# Exercise
Print the line containing "Jonah Williams was" and all lines after it, unchanged, through the end of the data. Leave the pictures out.
___ Provided data ___
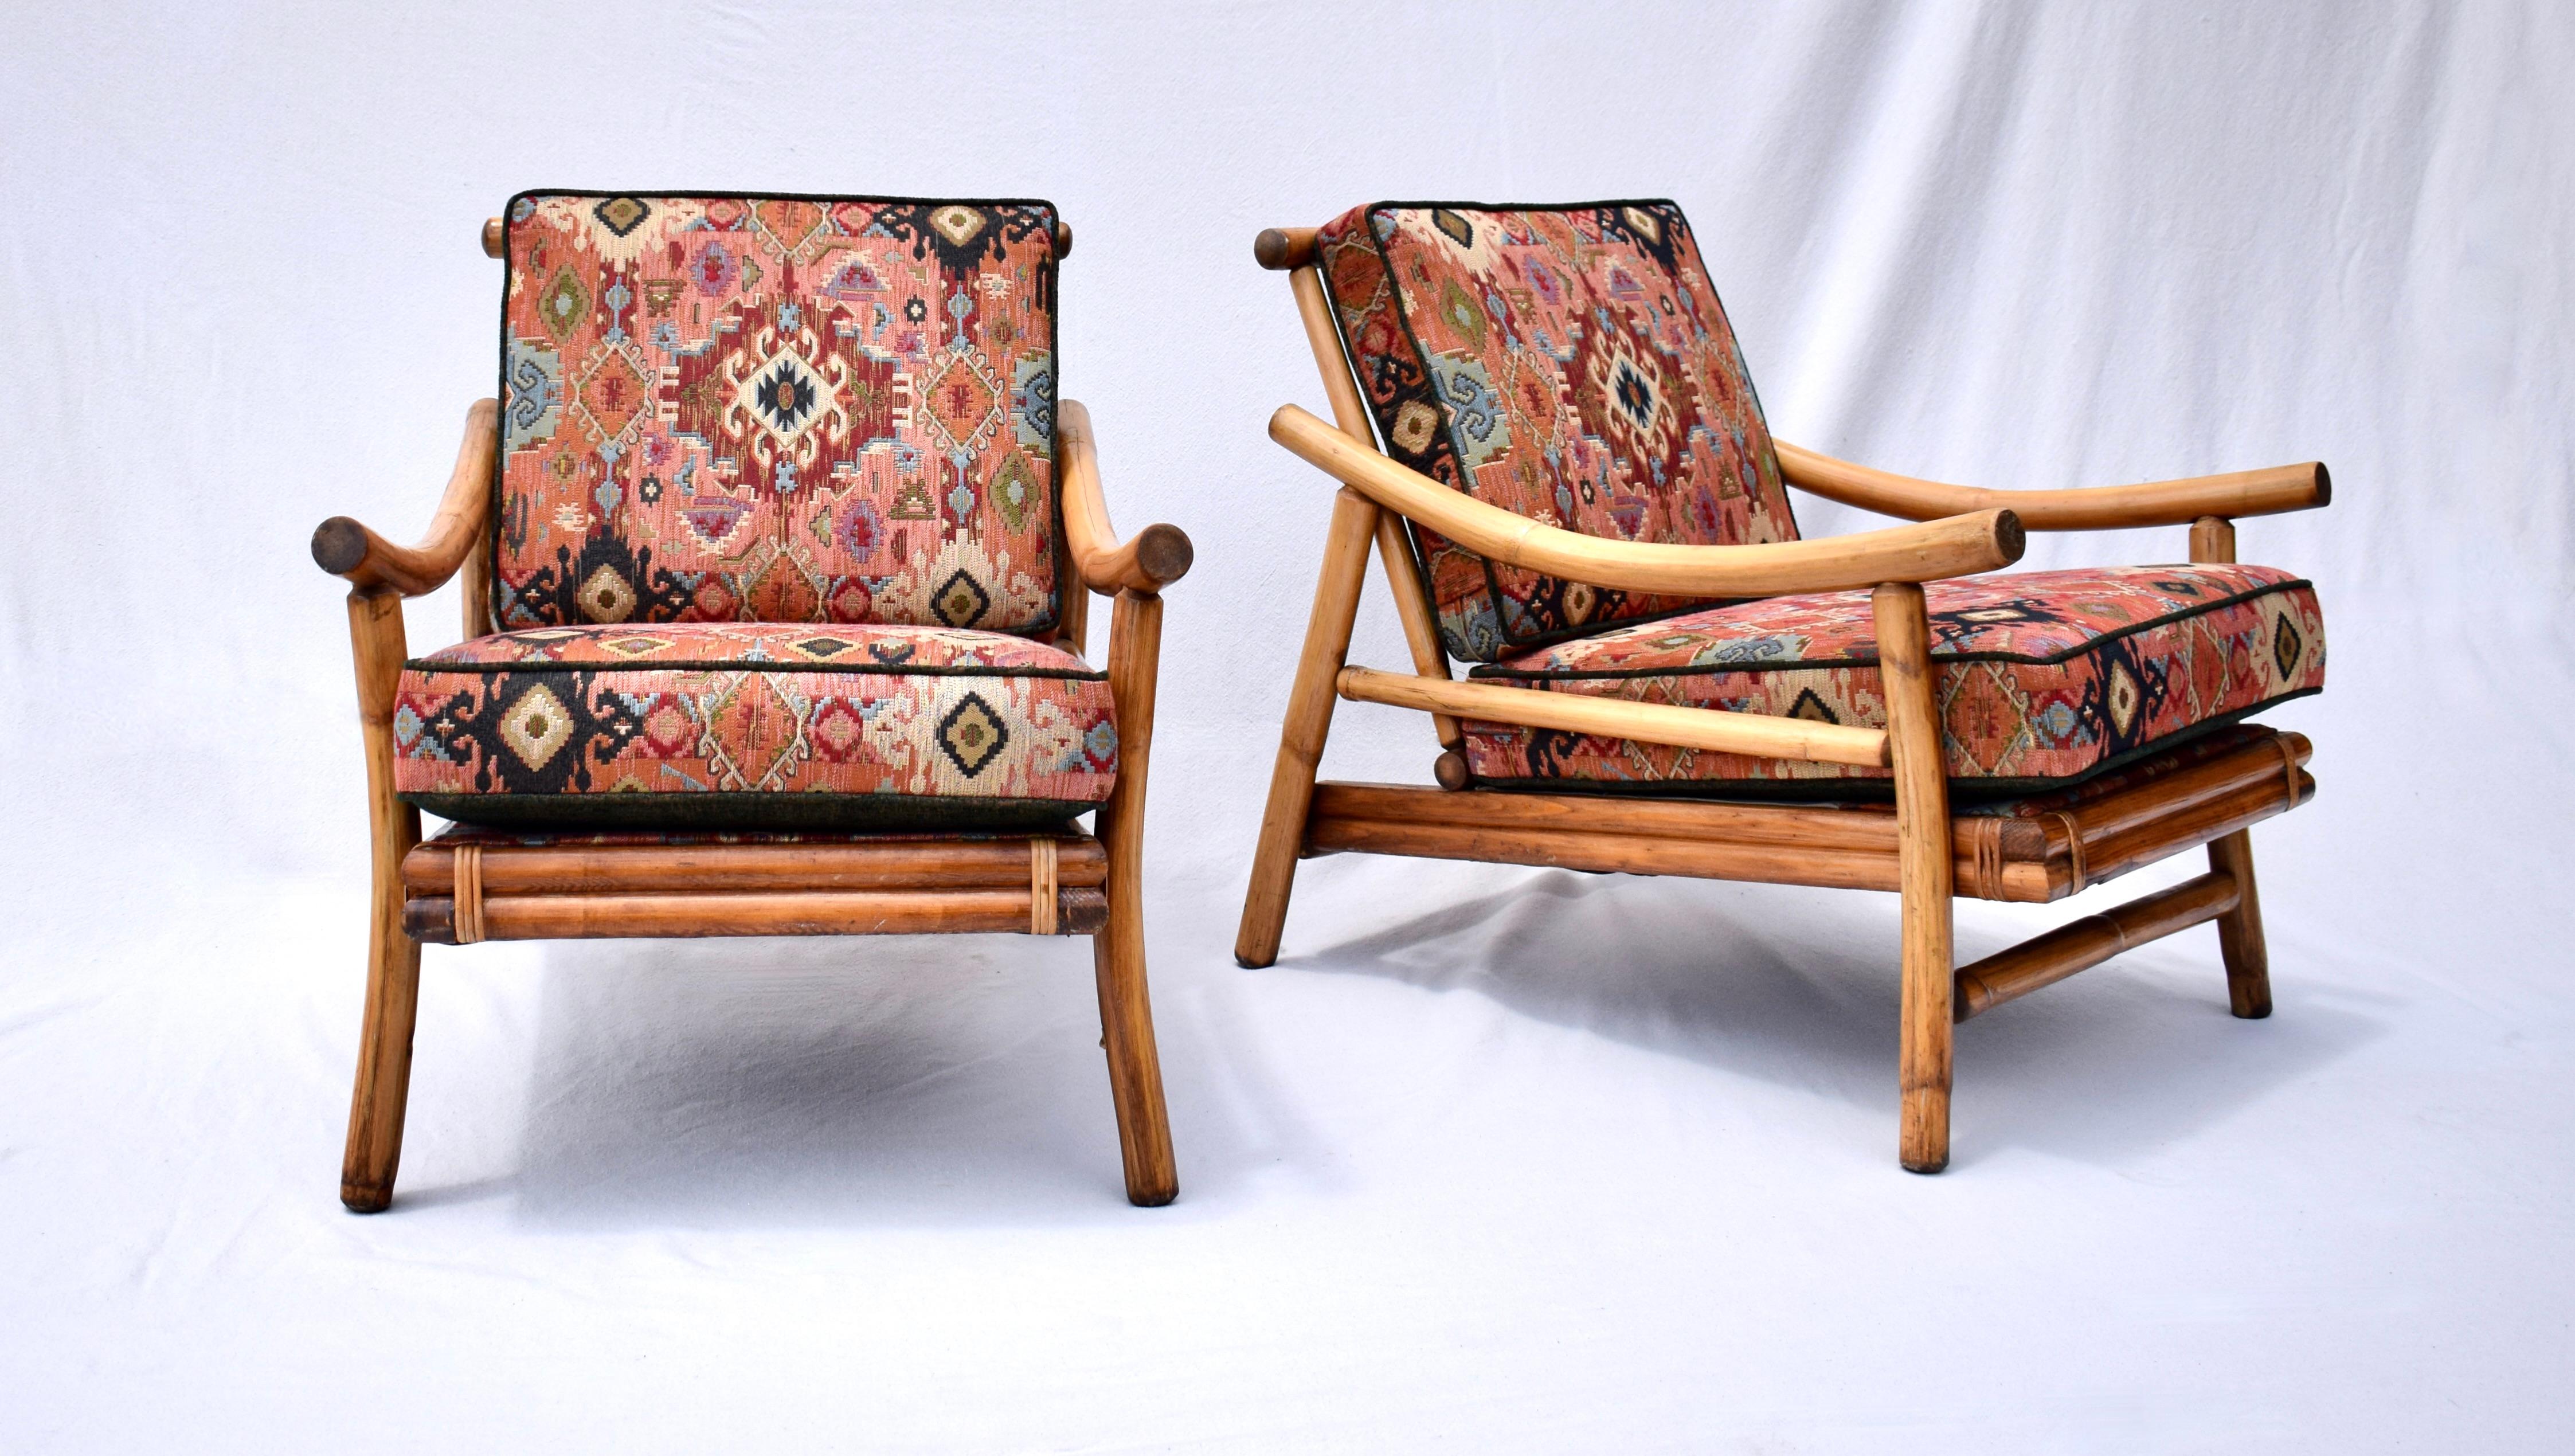 Ficks Reed Pagoda style lounge chairs & table set of rattan and raffia with hardwood seats and original spring construction. In marvelous vintage condition the set has been hand detailed throughout maintaining a warm lustered patina to the all
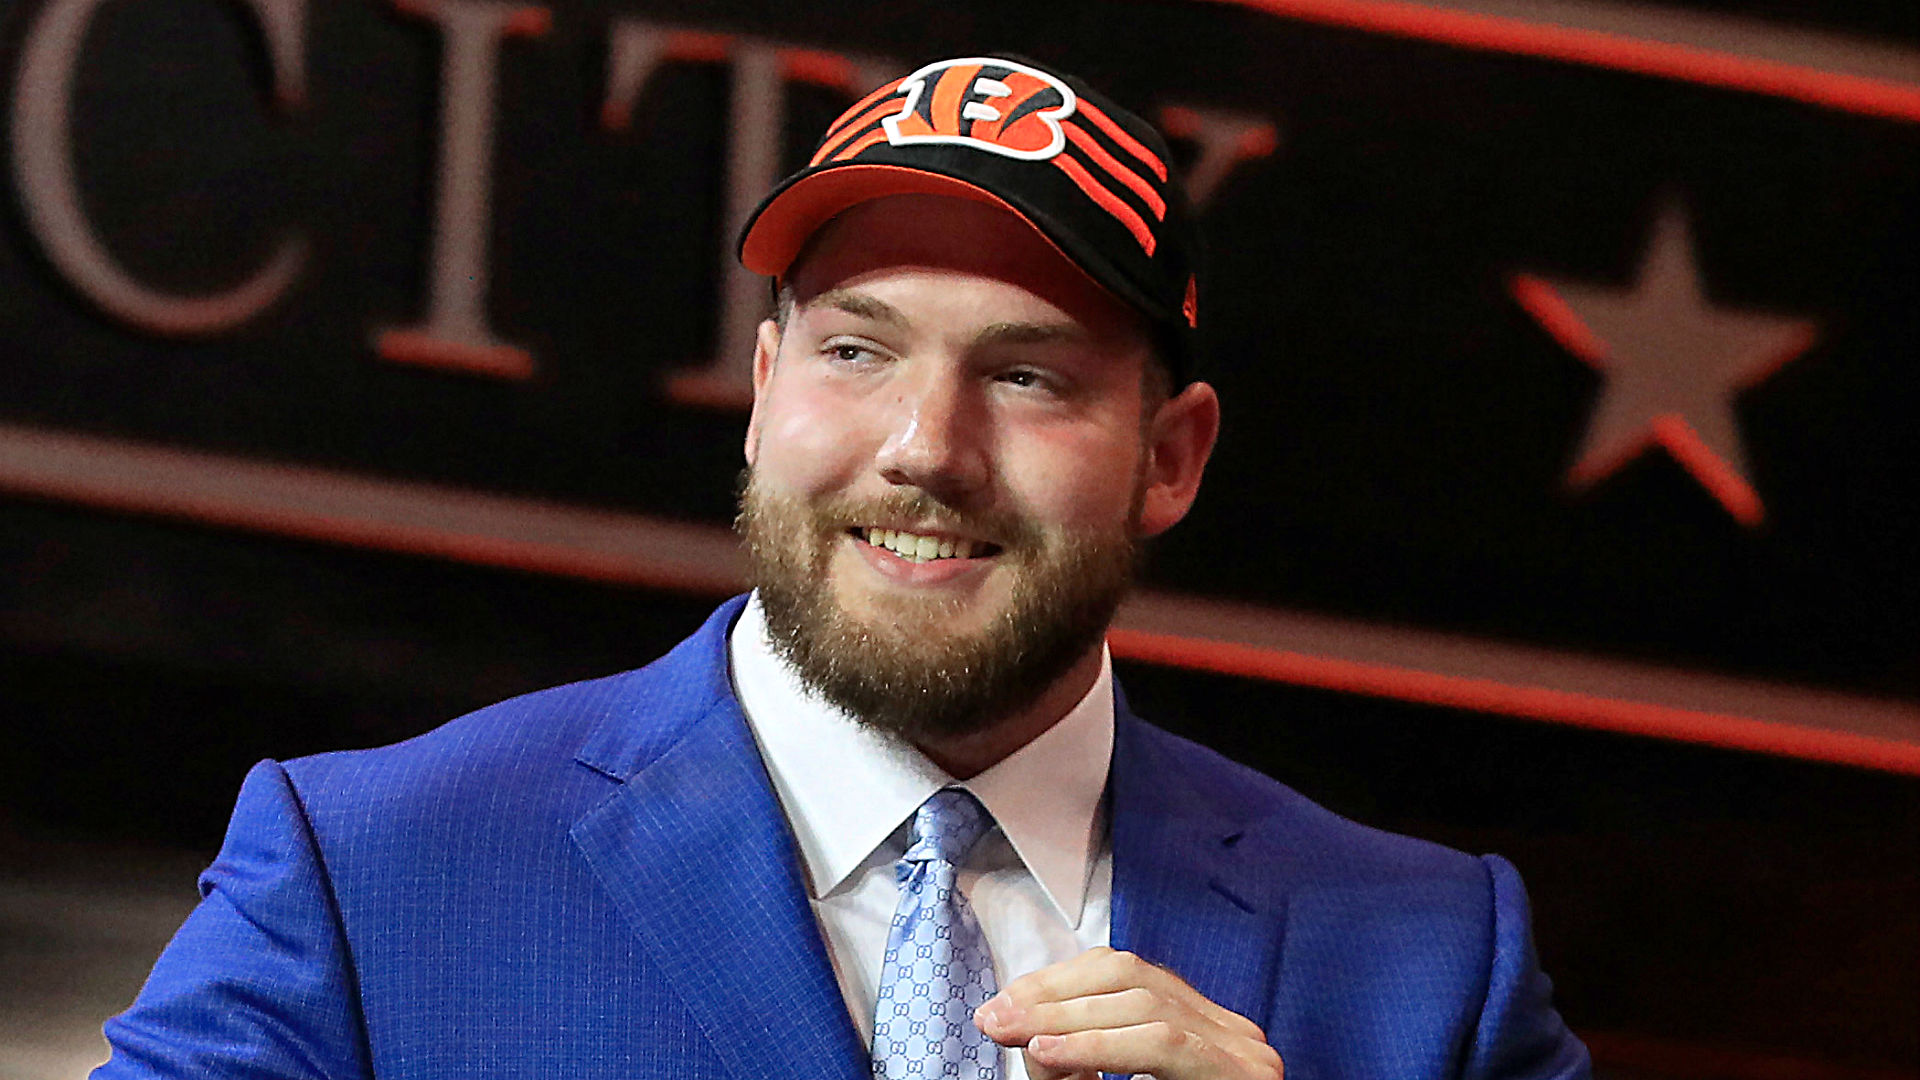 Jonah Williams was a first-round draft pick for the Cincinnati Bengals, but he looks set to miss the 2019 NFL season due to injury.
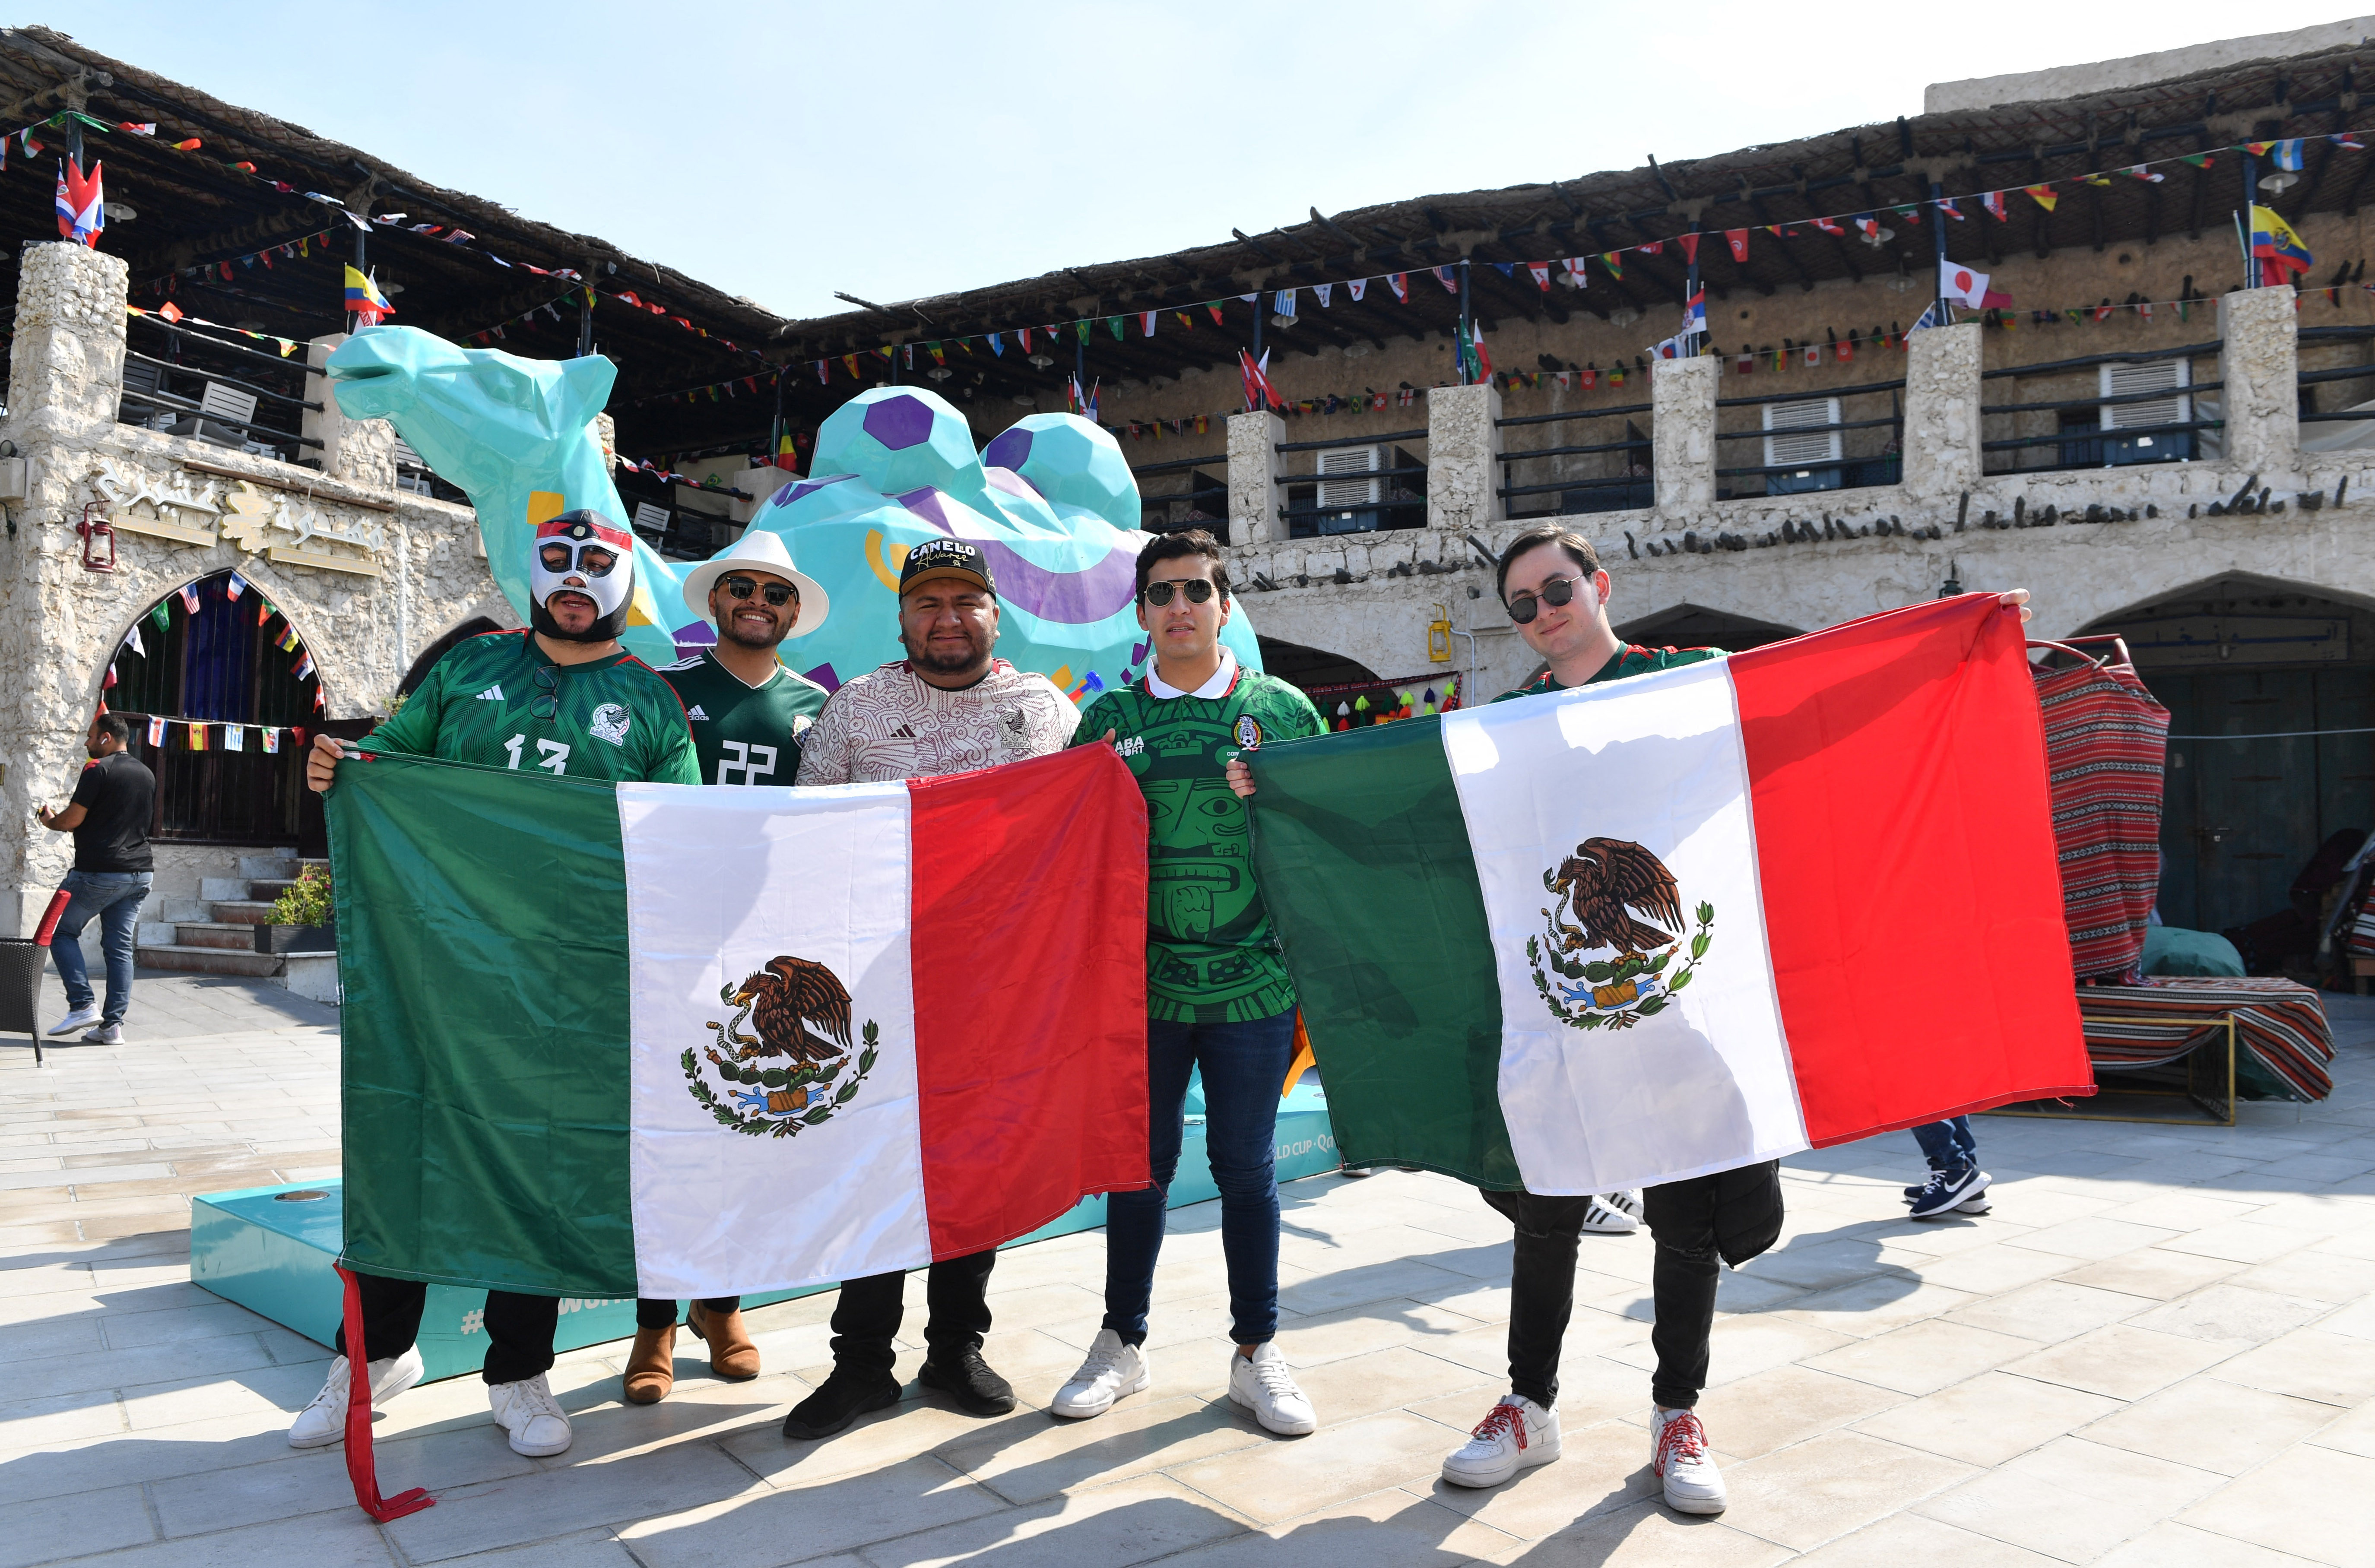 The Ministry of Foreign Affairs has calculated that around 100,000 Mexican fans will attend Qatar 2022. REUTERS/Jennifer Lorenzini
___
# Expected answer
 Jonah Williams was a first-round draft pick for the Cincinnati Bengals, but he looks set to miss the 2019 NFL season due to injury.
 The Ministry of Foreign Affairs has calculated that around 100,000 Mexican fans will attend Qatar 2022. REUTERS/Jennifer Lorenzini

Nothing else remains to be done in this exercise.